At a special budget hearing Monday night before 14 residents at the Huntington Yacht Club, Morrow laid out his reasoning for municipal salaries, saying the job is like running a small business.

Trustees include the deputy mayor and roads commissioner Dennis Gai; Jay Meyer, Don Rave, and Dom Spada, who is also police commissioner.

There are 32 incorporated villages in Suffolk and Morrow said about 10 of them have paid boards. He said he works about 20 hours a month as mayor of the village of 600.

"My position on this topic has been consistent for the last 10 years," Morrow said. But several residents argued if the job is taking too much time, one should resign or perhaps the volunteer board should expand to spread out duties.

Deb Colton, a village resident for nine years and a former mayoral candidate, who attended Monday's meeting, said Wednesday that the board made the right decision to reconsider the plan.

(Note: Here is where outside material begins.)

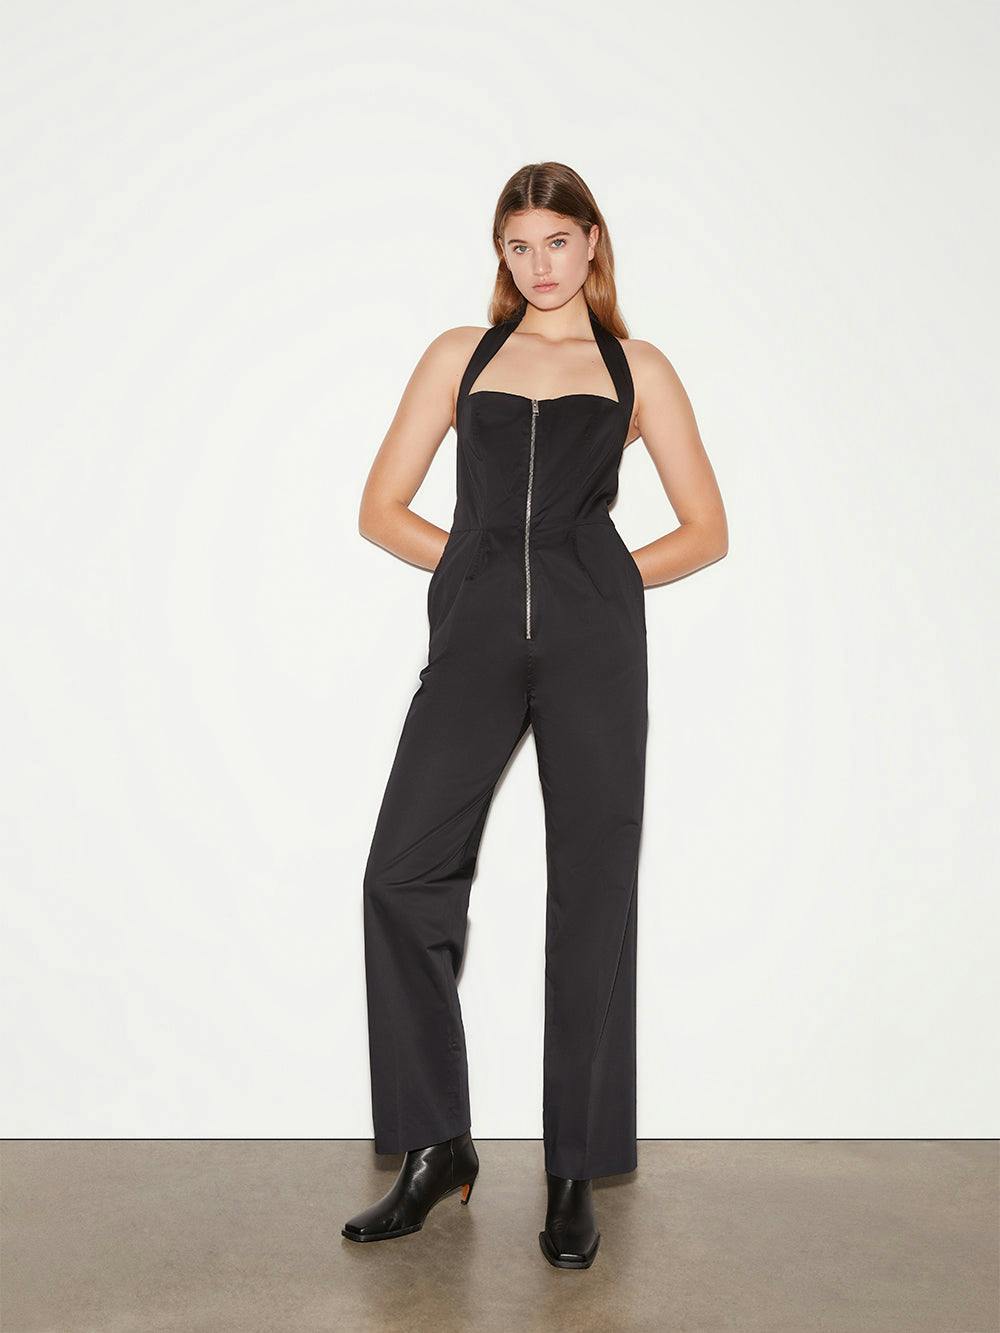 jumpsuit full body view

"Due to the strong opinion of the community . . . not to include this in the budget at this time is a wise move," she said.

Morrow said Wednesday that after meeting with his board over the previous days, members decided if and when the idea is reintroduced, the benefits issue will be dropped completely and the numbers modified from this year's proposal.

Still, he said, "Mayors on Long Island should be compensated at some reasonable level for their work."